Пробовал идти назад, вдоль улицы, похожей на кривую дугу на руке, но путь перекрывал шлагбаум. Граница. В будке не было никого, но надпись на знаке-запрете гласила: "Остановись. Или умри...". И не то, чтобы я боялся, но улица была не так плоха, да и в комнате из окна открывался прекрасный вид. Продукты всегда были свежие, наркотики отлично снимали боль - маленький рай на отрезке времени, и не хотелось знать, что будет дальше... просто жить...
Дом был похож на коробку. Картонную коробку с номером 9 на торце. Почему девять? Возможно, по количеству комнат. В маленьком доме ютились девять семей (если, конечно, относить к таковым одиночек вроде меня). Единственная свободная комната, которая мне и досталась, располагалась посередине: вторая справа и слева во втором ряду по центру. Странно, но я никогда не видел своих соседей... кроме одного. Он работал продавцом в обоих магазинах, и всегда грустно улыбался, говоря из-за прилавка стандартное: "Ваш заказ".

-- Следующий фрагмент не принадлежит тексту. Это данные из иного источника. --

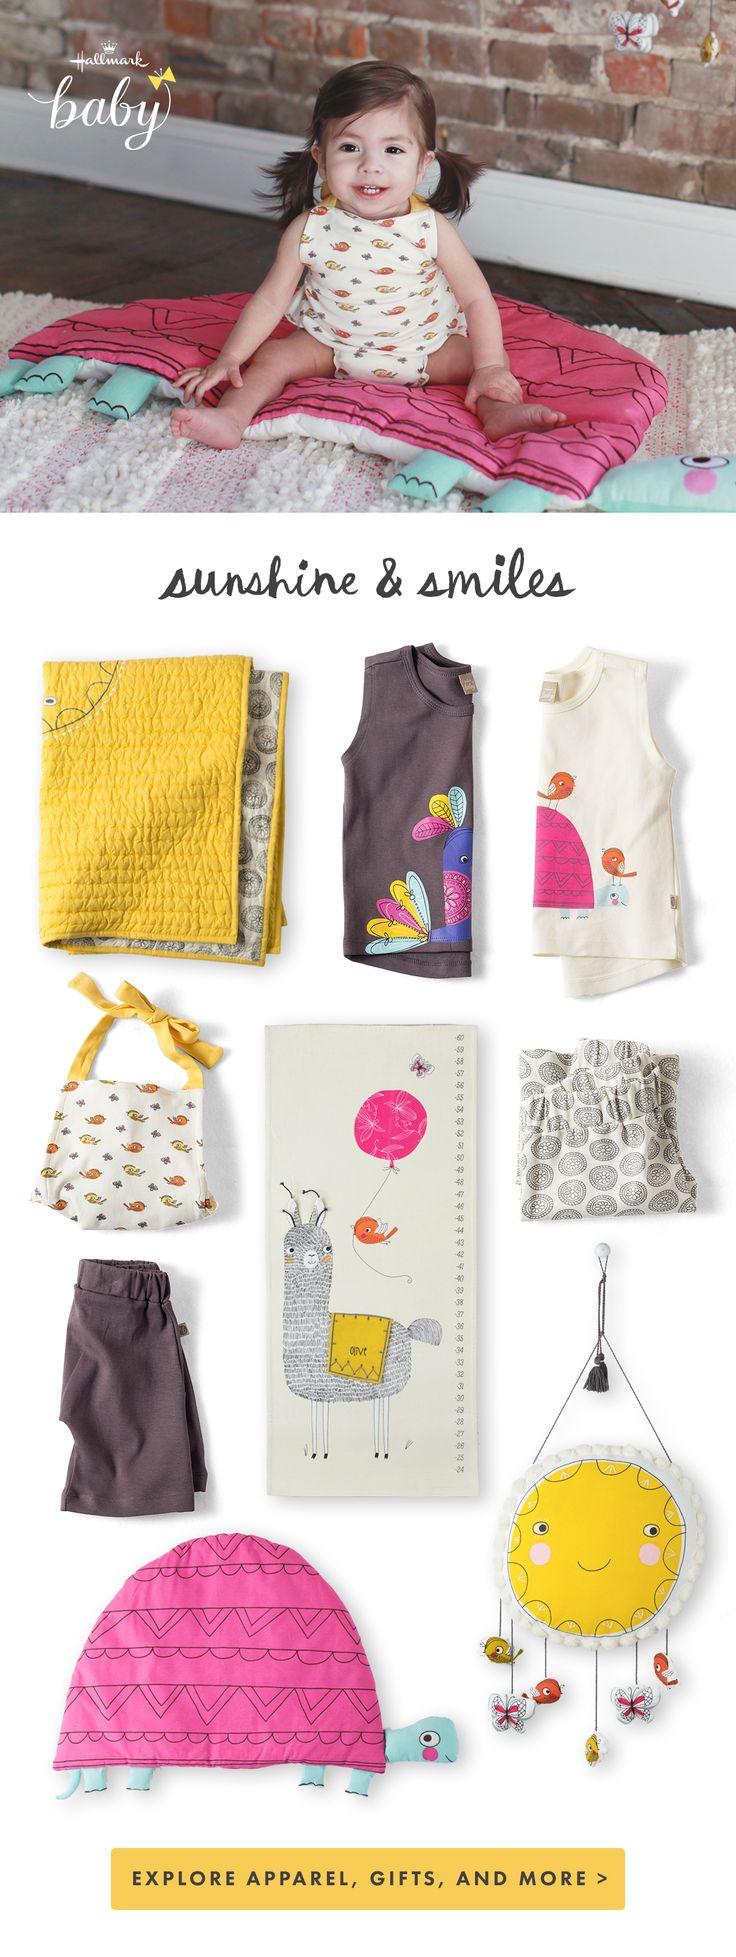 Bright & Sunny Baby Outfits & Nursery Decor - Explore Hallmark Baby's Sunny Day Collection!
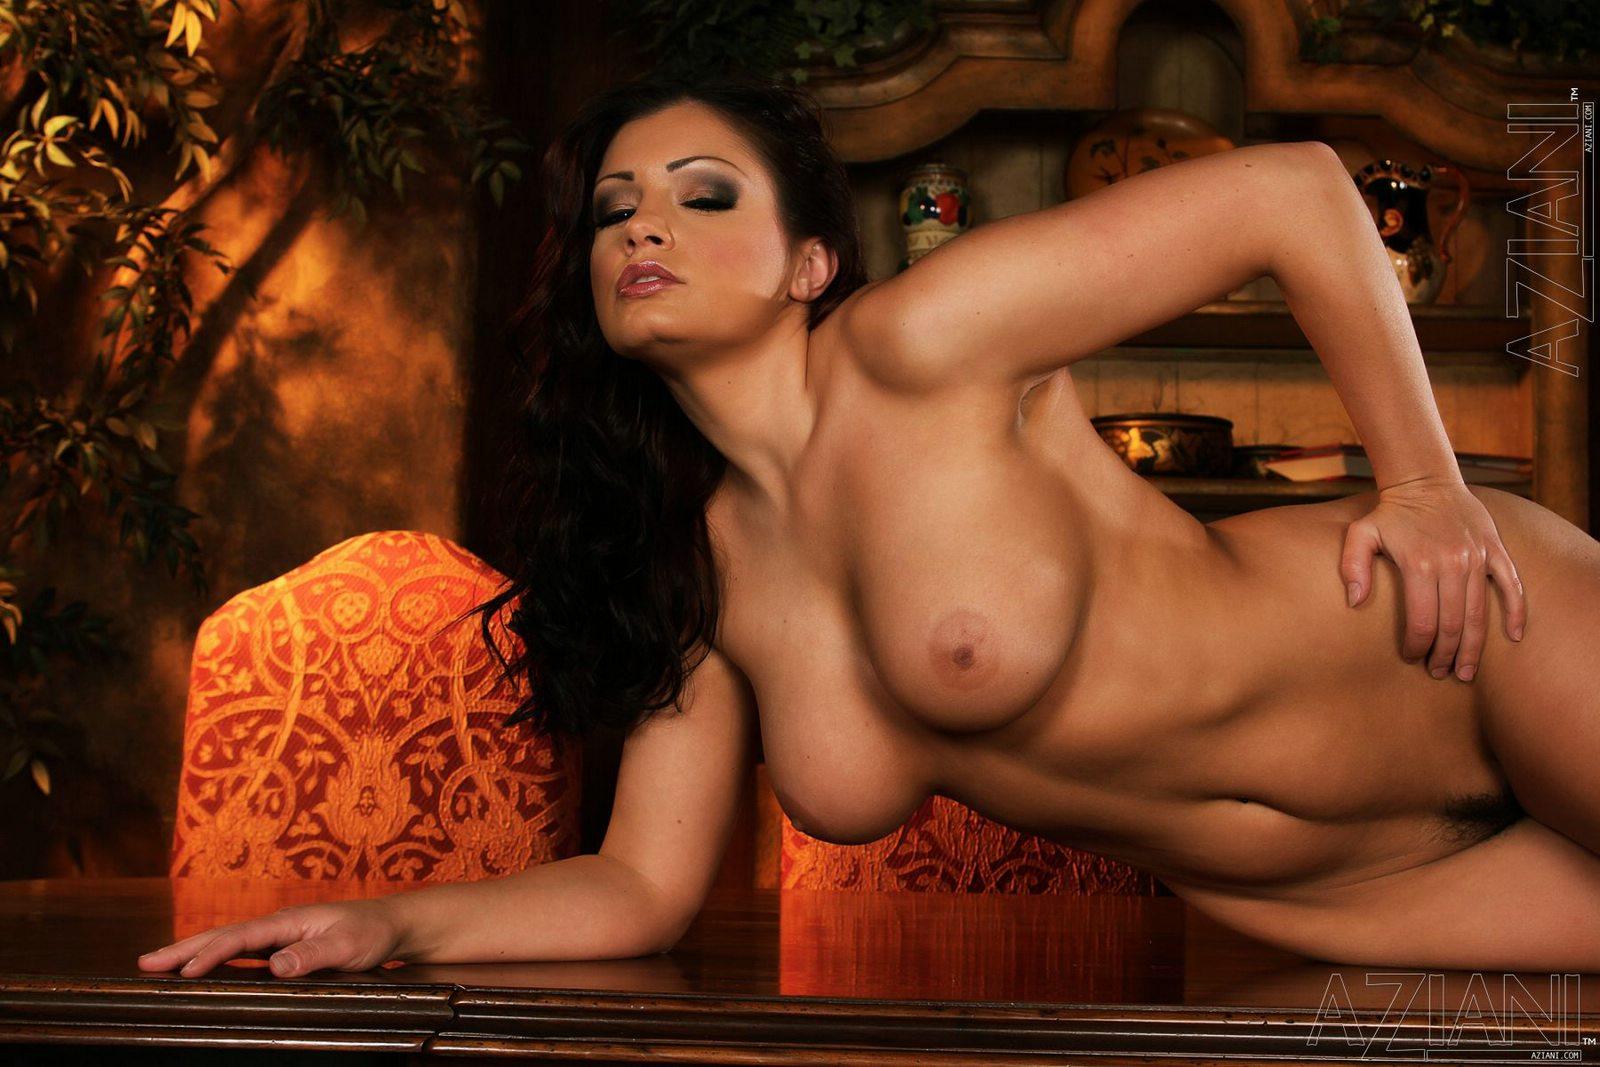 Photo aria giovanni naked female

Он не любил вопросов, и не отвечал на них. В свои 50 с лишним лет был вечным клерком, обслуживающим людей. И, видимо, хранил внутри какую-то тайну, которая согревала его своим существованием: об этом рассказывал потерянный взгляд, словно он смотрел сквозь людей, сквозь мир, сквозь время, лелея где-то там далеко предмет своих бессмысленных слов и грустных улыбок.
Стареющий клерк жил в девятой комнате справа в верхнем третьем ряду. Я знал это наверняка, потому что он единственный хранил по вечерам обет молчания...
В девятой комнате слева в нижнем первом ряду жил исследователь. По крайней мере, только так я мог интерпретировать постоянное шипение смешивающихся жидкостей и взрывы, возможно, являвшиеся следствием каких-то химических экспериментов. Что ж, подобная глушь идеально соответствует образу аскетичного учёного, увидевшего своё призвание в уединении ради великих открытий, которые изменят судьбу человечества. Хотя, вряд ли изменят... Все эти эксперименты, уверен, исследователь проводил для себя. Если не над собой. Ведь психоз не покинул планету.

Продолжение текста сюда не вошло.